No findings were identified.

1R11 Licensed Operator Requalification Program and Licensed Operator Performance

.1 Review of Licensed Operator Requalification

a. Inspection Scope

On September 24, 2014, the inspectors observed an evaluated simulator scenario performed by an operating crew on Unit 1. On July 16, 2014, the inspectors observed an evaluated simulator scenario performed by an operating crew on Unit 2. The inspectors assessed the performance of the operators and the evaluators critique of their performance.

These activities constitute completion of two quarterly licensed operator requalification program samples, as defined in Inspection Procedure 71111.11.

b. Findings

No findings were identified.

.2 Review of Licensed Operator Performance

a. Inspection Scope

The inspectors observed the performance of on-shift licensed operators in the plants main control room. The inspectors observed the operators performance of the following activities:

  • July 25, 2014, Unit 2, moderator temperature coefficient testing
  • August 13, 2014, Unit 1, emergency diesel generator, train B, quarterly test In addition, the inspectors assessed the operators adherence to plant procedures, including the conduct of operations procedure and other operations department policies.

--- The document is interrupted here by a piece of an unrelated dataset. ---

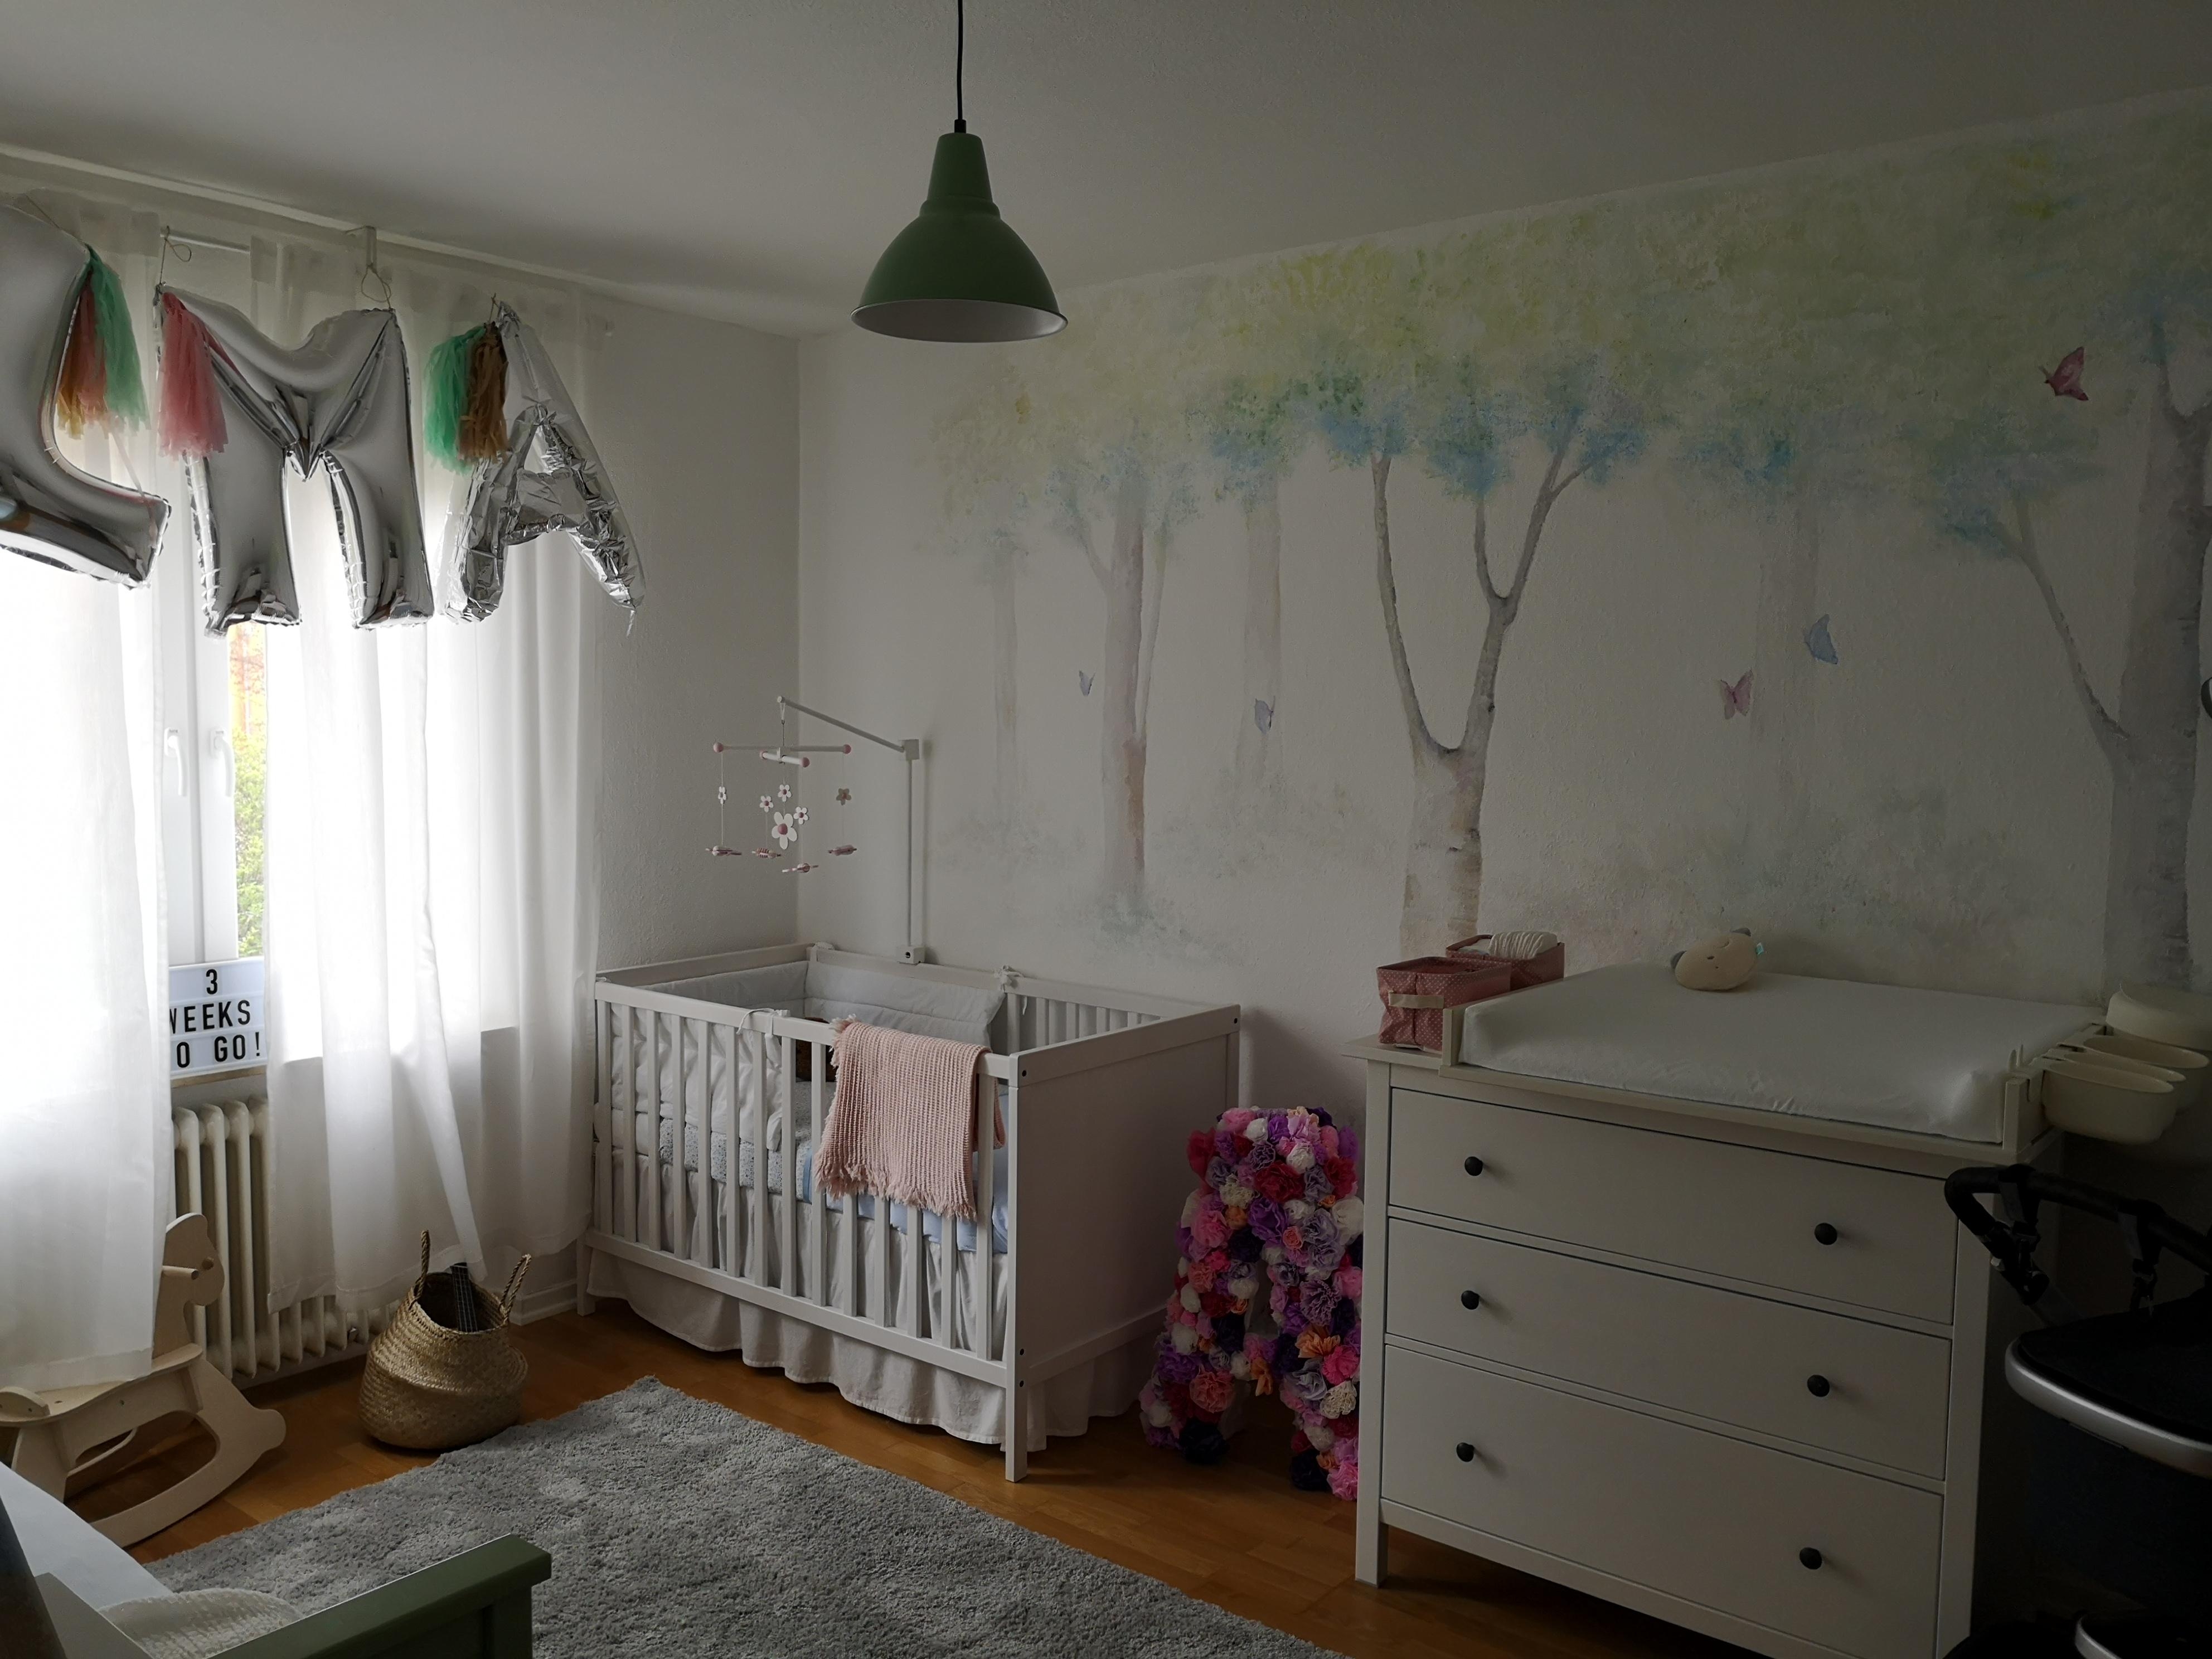 Unser Babyzimmerglück mit einem Wandgemälde von Oma #livingchallenge #babyzimmer #wandgemälde #wald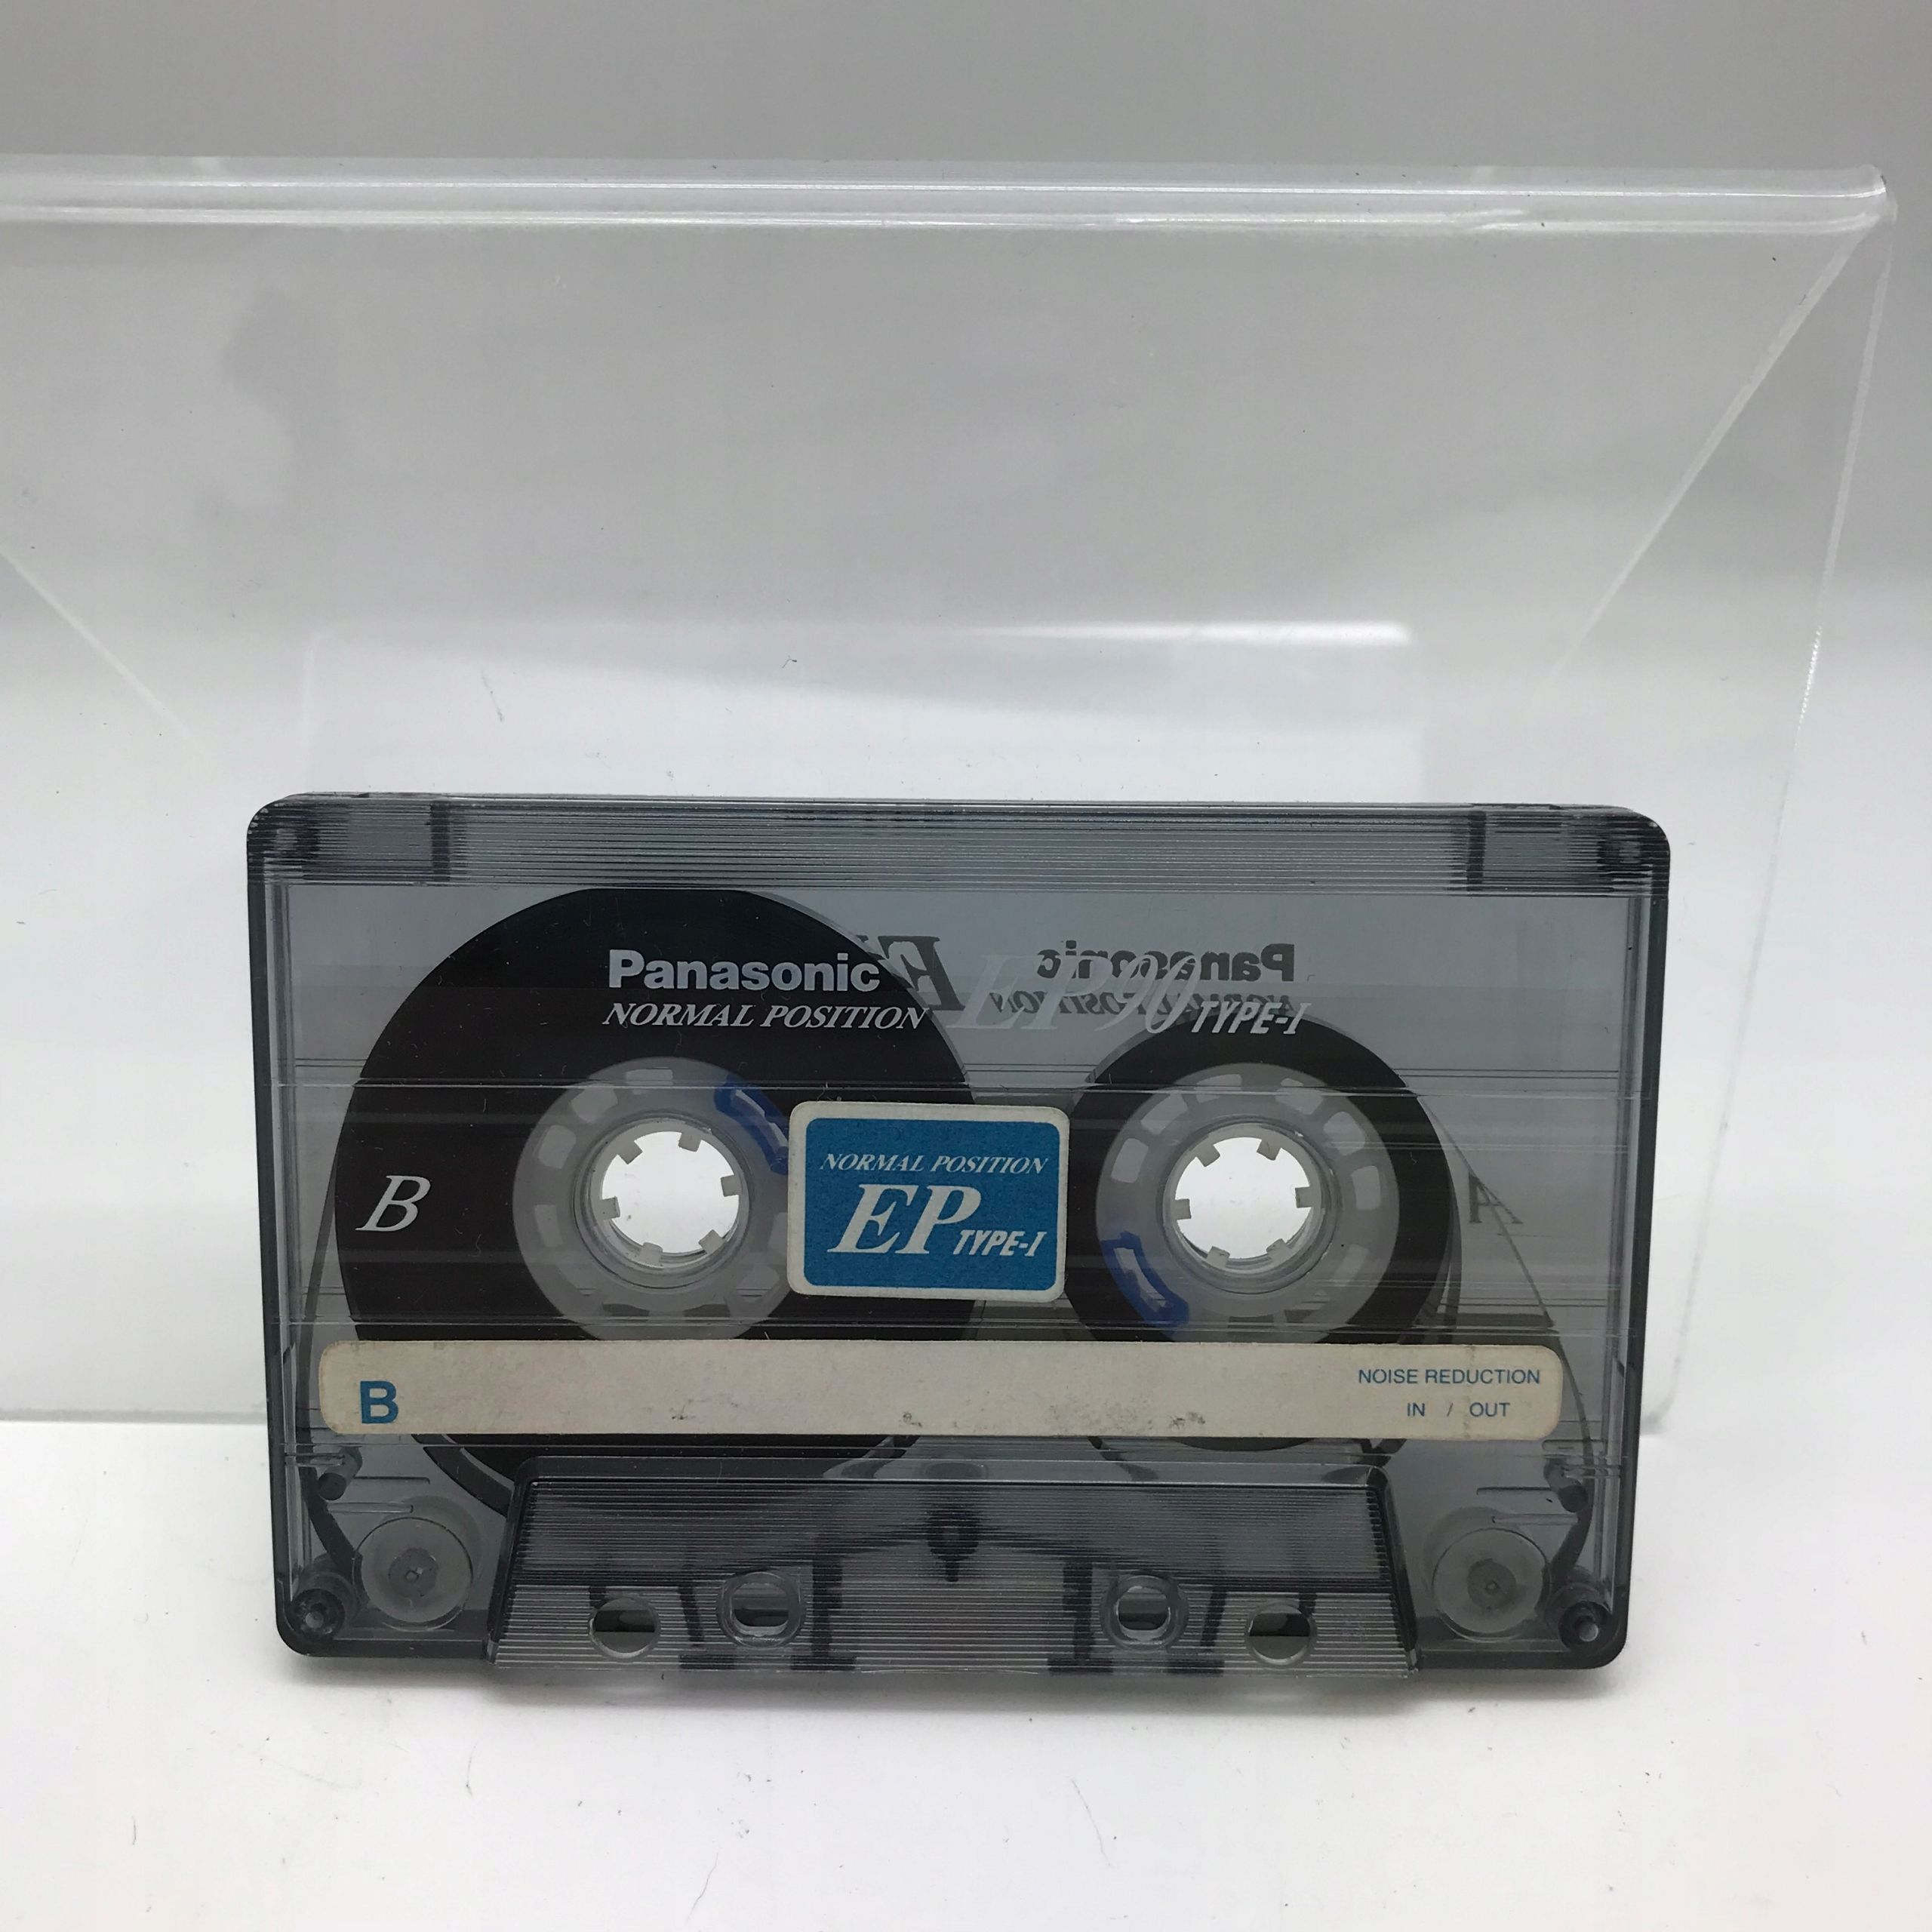 Kaseta - Kaseta magnetofonowa Panasonic Ep 90 I

These activities constitute completion of two quarterly licensed operator performance samples, as defined in Inspection Procedure 71111.11.

b. Findings

No findings were identified.

.3 Biennial Inspection

The licensed operator requalification program involves two training cycles that are conducted over a 2-year period. In the first cycle, the annual cycle, the operators are administered an operating test consisting of job performance measures and simulator scenarios. In the second part of the training cycle, the biennial cycle, operators are administered an operating test and a comprehensive written examination. During this inspection, Unit 1 was in the first part of the training cycle and Unit 2 was in the second part of the training cycle.

a. Inspection Scope

For Unit 1, inspectors observed portions of their 2014 operating test and 2013 comprehensive written examination. For Unit 2, inspectors observed portions of their 2014 operating test and comprehensive written examination. To assess the performance effectiveness of the licensed operator requalification program, inspectors conducted personnel interviews, reviewed medical records of licensed operators for conformance to license conditions, reviewed the minutes of training review group meetings to assess the responsiveness of the licensed operator requalification program to incorporate the lessons learned from both plant and industry events, reviewed examination security measures, simulator fidelity and existing logs of simulator deficiencies, and observed job performance measures and scenarios that were administered during the week of July 7, 2014. These observations allowed the inspectors to assess the licensee's effectiveness in conducting the operating test to ensure operator mastery of the training program content.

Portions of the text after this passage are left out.